Pharmacokinetic (PK) data, which shows how long paxalisib remains in the human body, strongly supports 60mg once daily dosing, confirming planned administration schedule for commercial launch.

Analysis of food effect shows no significant difference between taking paxalisib with food versus on an empty stomach, allowing for a less restrictive administration schedule in commercial use.

Study remains ongoing, with a number of patients still in follow-up. Final data is now expected in 2H CY2021.

Kazia CEO, Dr James Garner, commented, "this is extremely useful and encouraging data, as we begin to compile regulatory documentation for paxalisib and give shape to its potential commercial approval. These results give us great confidence that we are administering the drug at the right dose, at the right frequency, and under the correct conditions. Moreover, the data helps to confirm the approach that we have taken in the GBM AGILE pivotal study."

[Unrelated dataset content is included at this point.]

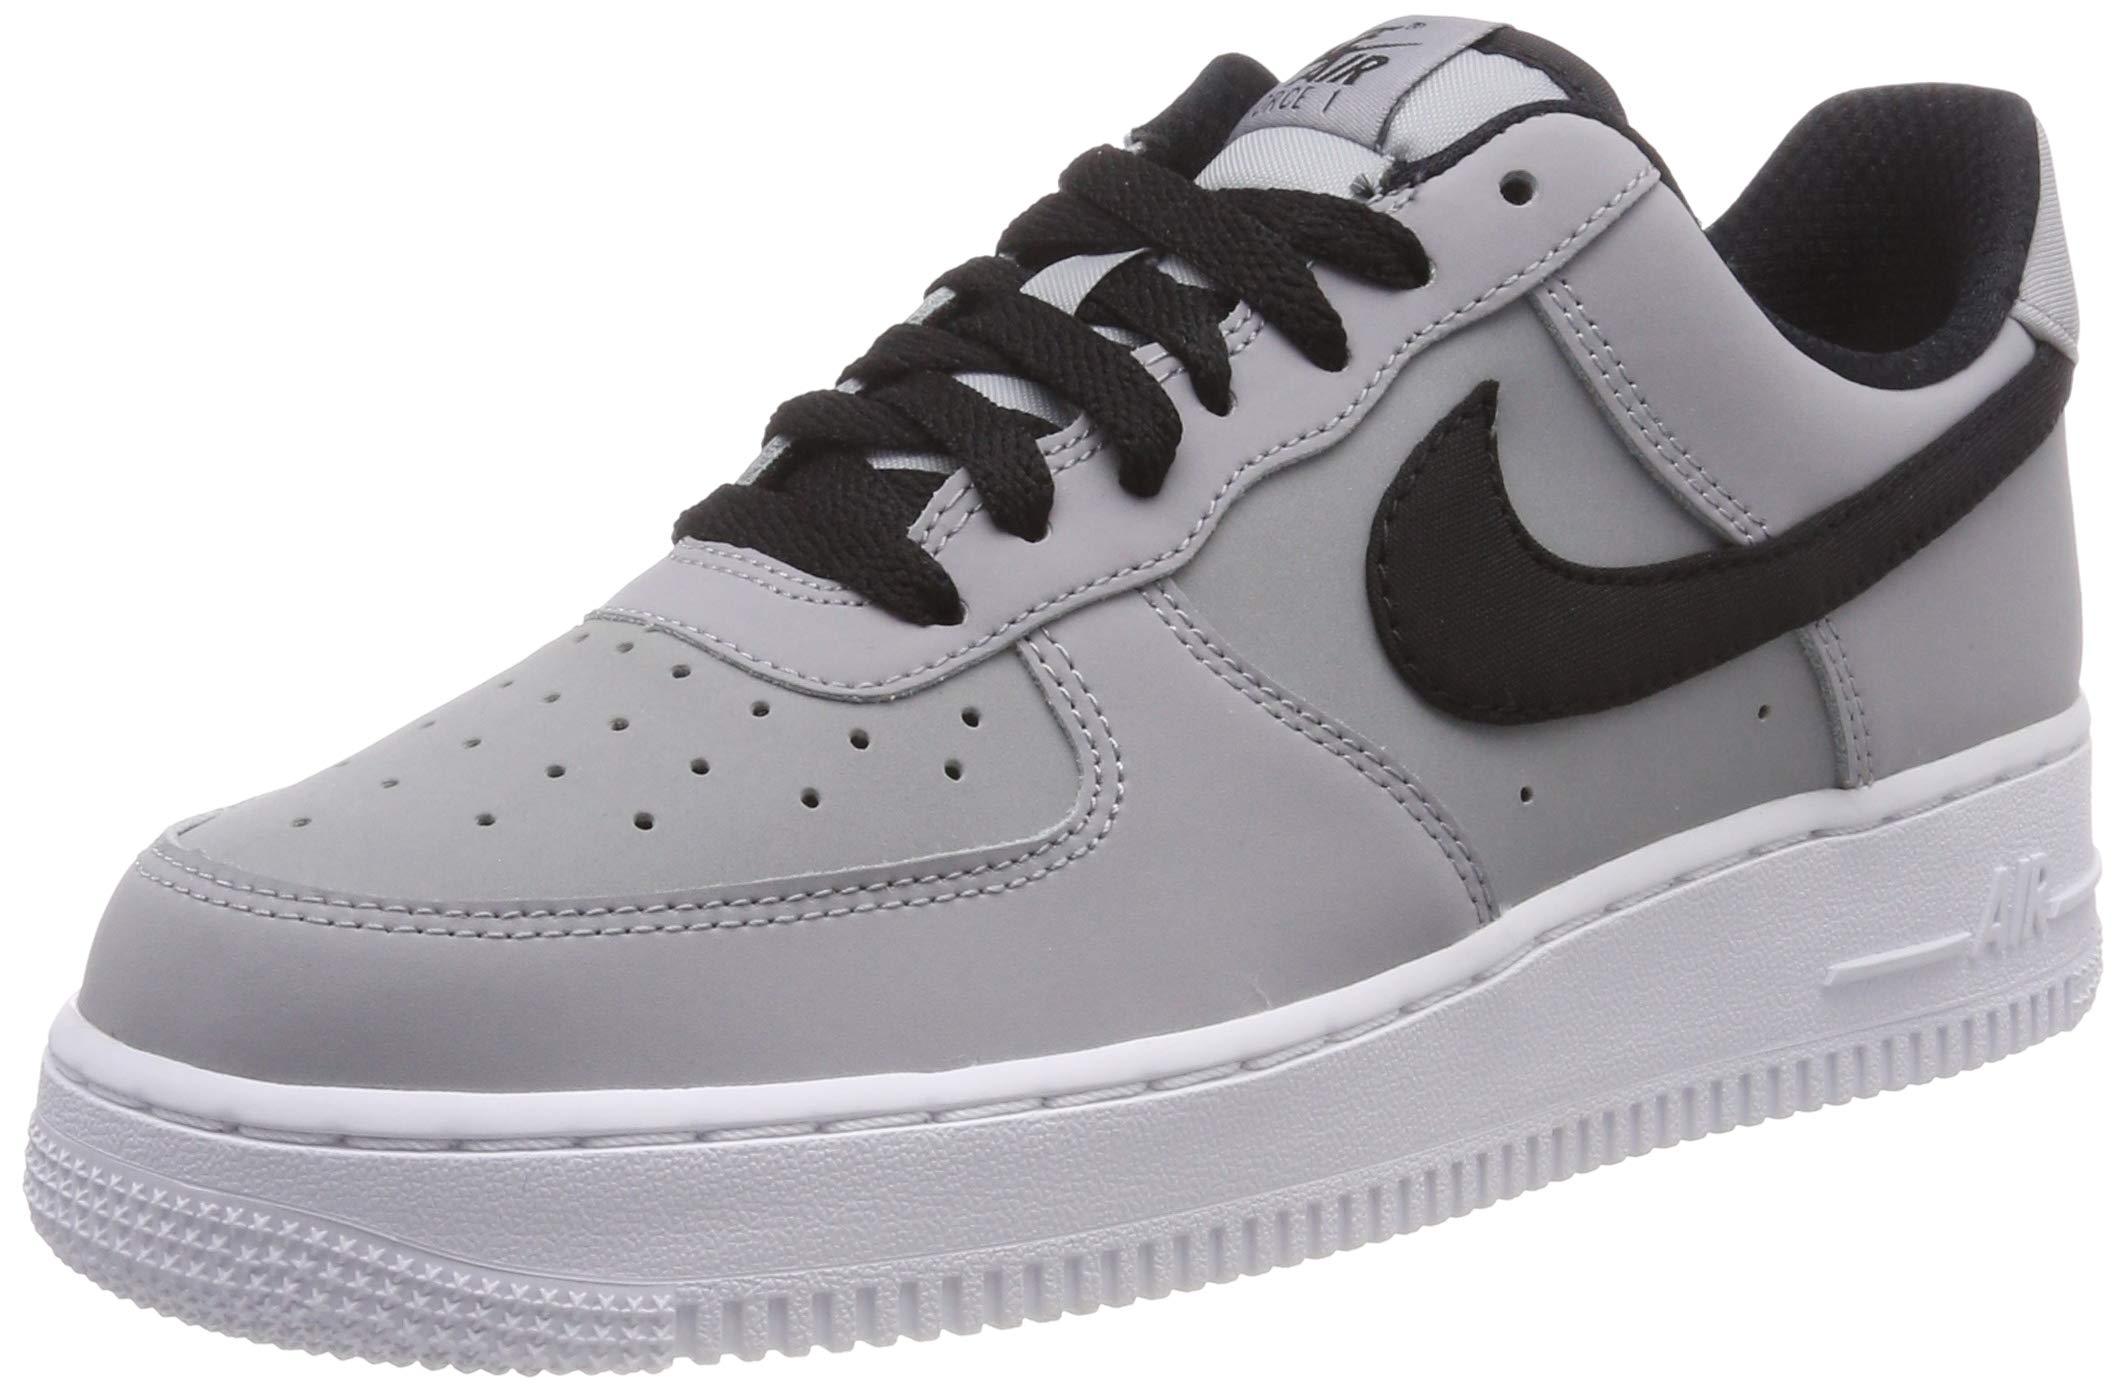 pretty nice 25222 e3446 Galleon - Nike Mens Air Force 1 Low Shoes Wolf Grey Black White AJ9502-001  Size 10.5

He added, "a lot of our efforts at present are focused on assembling the complex package of scientific information that is required to secure FDA approval for any new drug. Today’s data provides one more piece in that jigsaw. More broadly, the phase II study is drawing to a conclusion, and we expect to be able to share final data in the second half of this year."

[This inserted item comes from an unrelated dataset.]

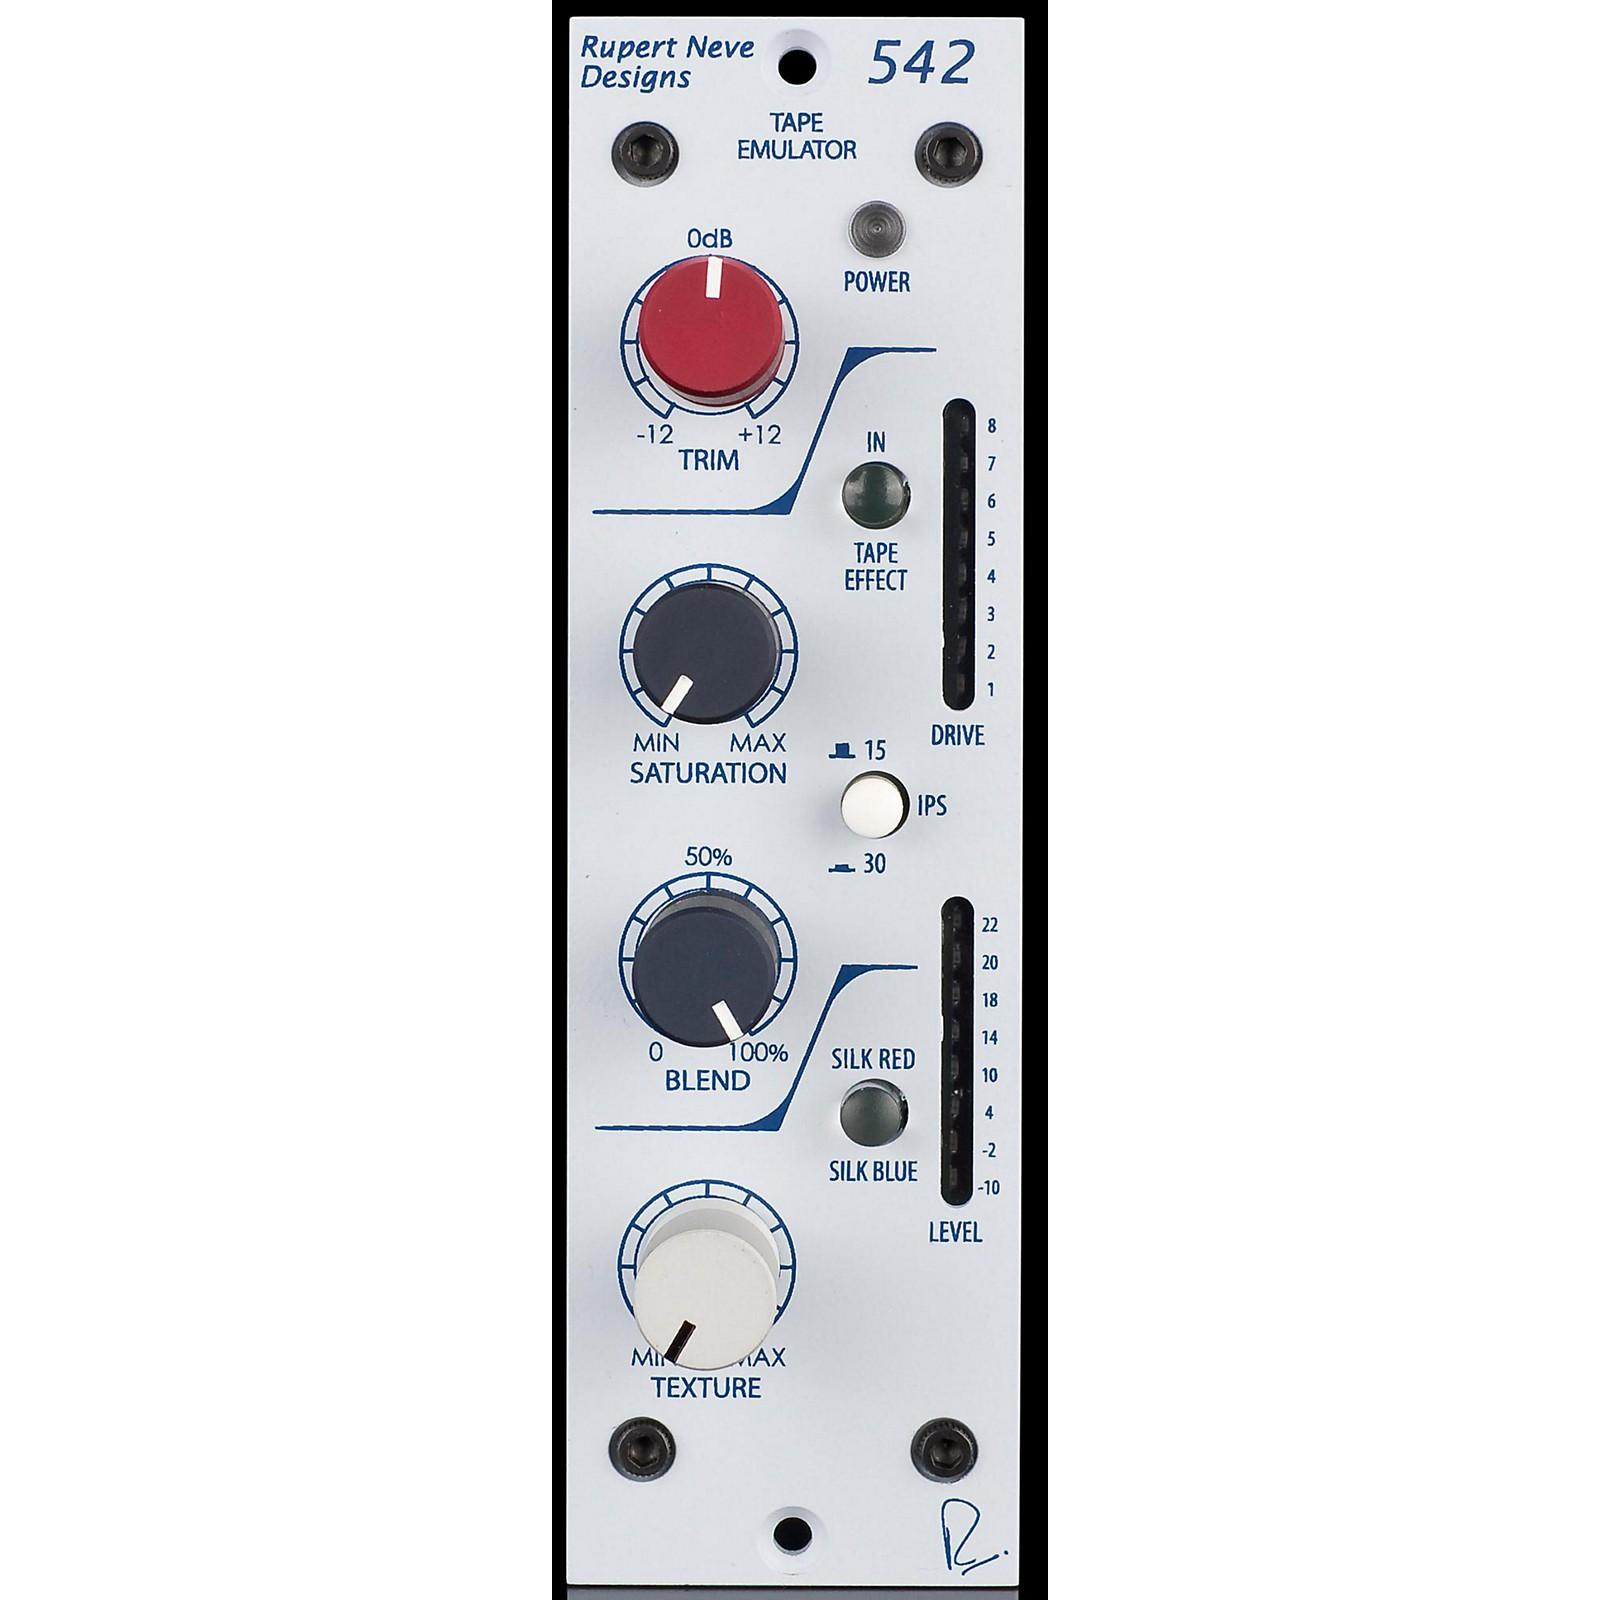 Rupert Neve Designs Portico 542 500 Series Tape FX

The poster can be viewed on the Company’s website at View Source

Background

The phase II study of paxalisib (NCT03522298) opened to recruitment in May 2018. It was designed to establish the most appropriate dose for use in newly-diagnosed patients, and to seek initial indications of potential clinical efficacy.

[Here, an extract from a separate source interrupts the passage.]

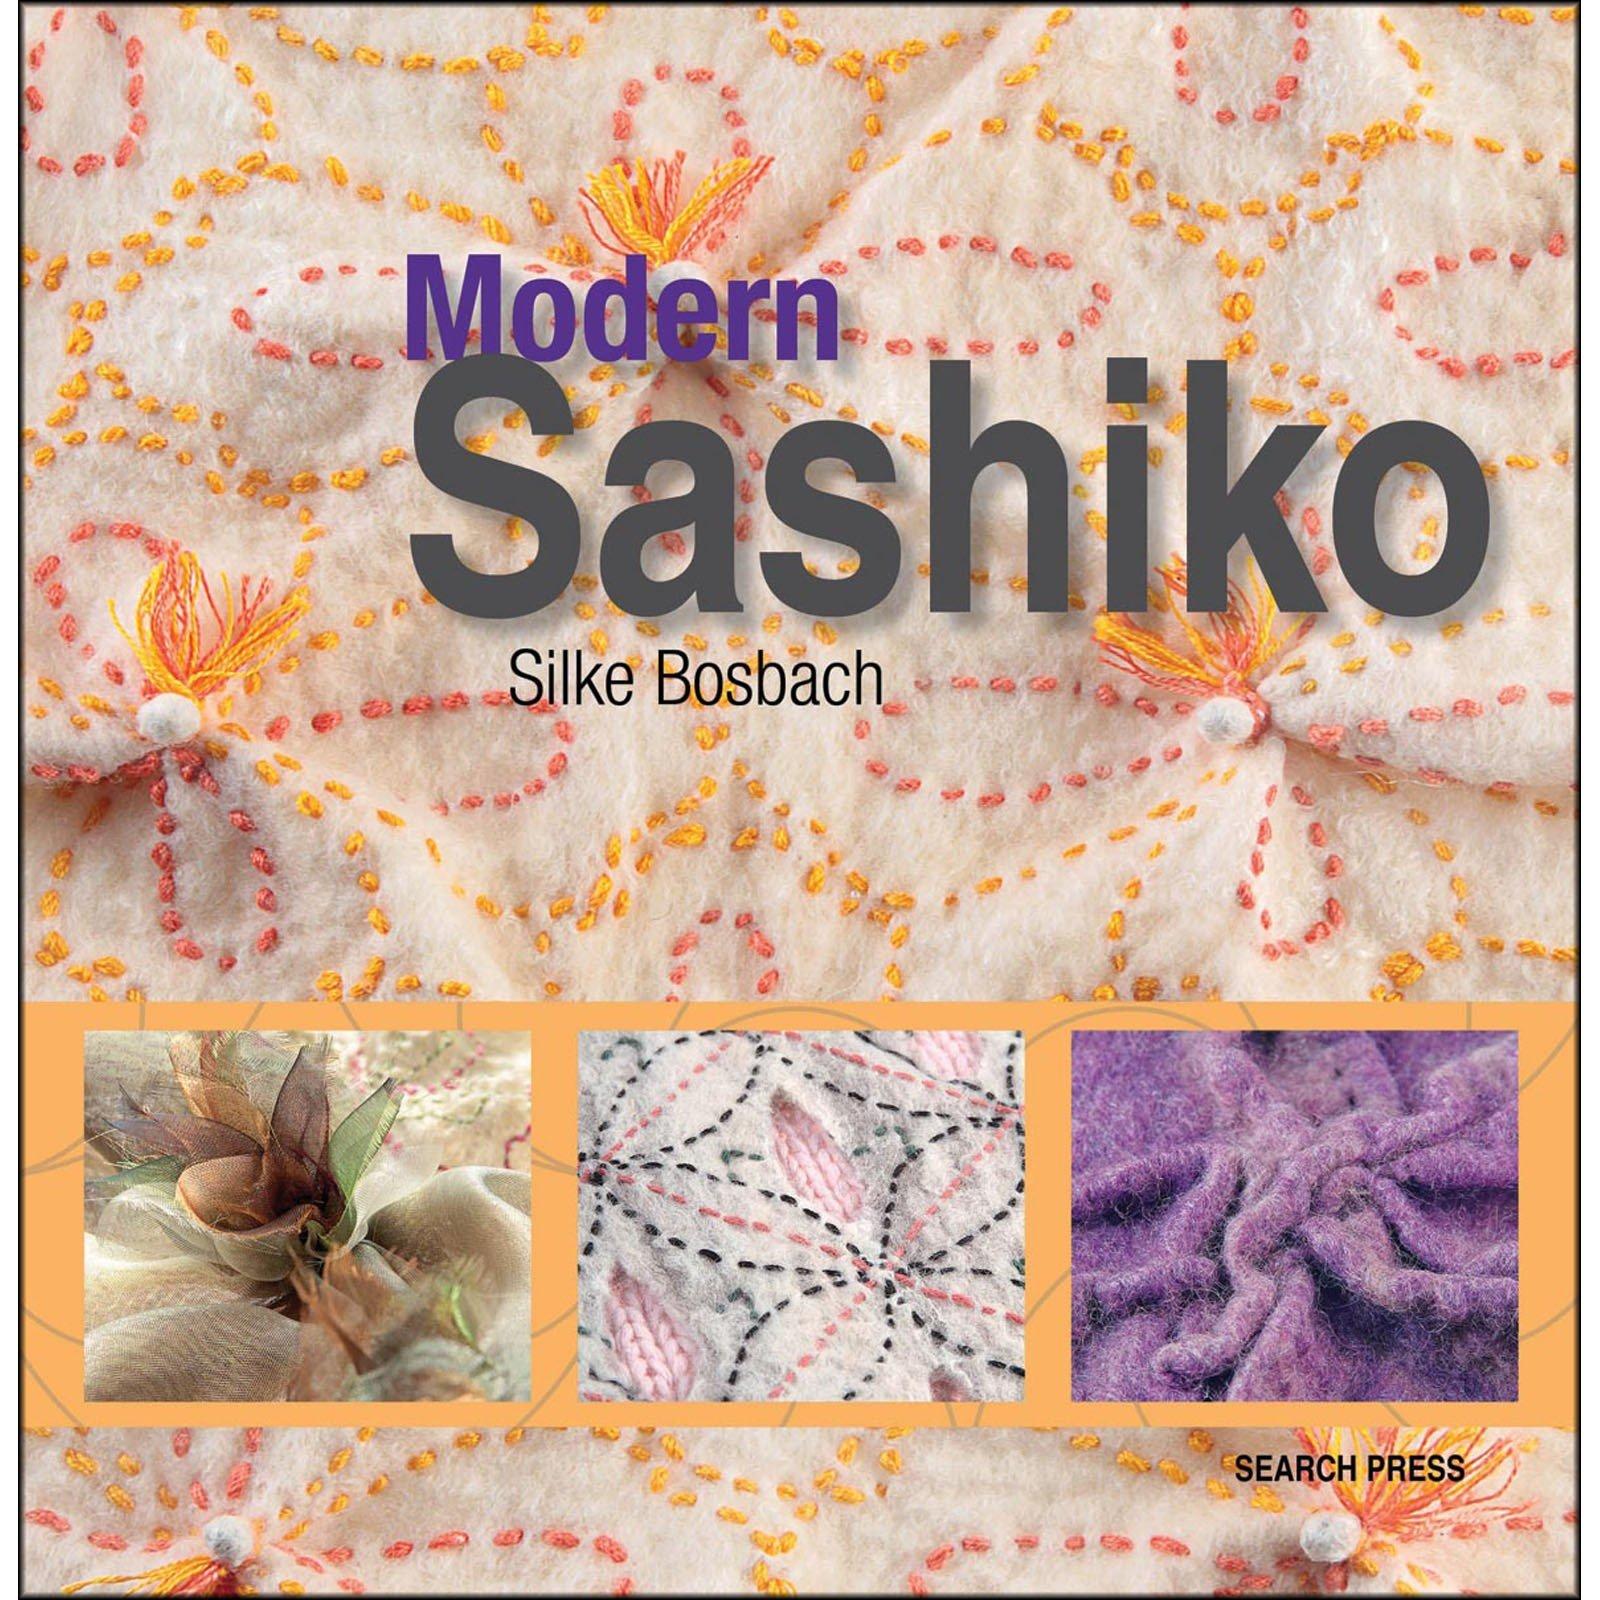 Book. Modern Sashiko by Silke Bosbach

The study had previously determined a maximum tolerated dose (MTD) of 60mg, administered once daily. This determination was based primarily on safety findings, which suggested increased toxicity at a higher dose. Today’s PK data corroborates this finding, and shows that increased doses provide limited additional benefit in terms of drug exposure. In effect, these two independent variables both point to a dose of 60mg, giving a high degree of confidence that this is appropriate for future studies and for commercialisation.

Interim analyses of efficacy data from this study have previously shown encouraging signals of clinical efficacy, with a median overall survival (OS) of 17.5 months and a median progression-free survival (PFS) of 8.4 months reported at the most recent data cut. These figures compare very favourably to historical controls for temozolomide, which provide an OS of 12.7 months and a PFS of 5.3 months.

The phase II study remains ongoing, with a number of patients in follow-up, and is expected to deliver final data in 2H CY2021.

In January 2021, paxalisib opened to recruitment in the GBM AGILE pivotal study, which is expected to provide the basis for registration in the US and other territories.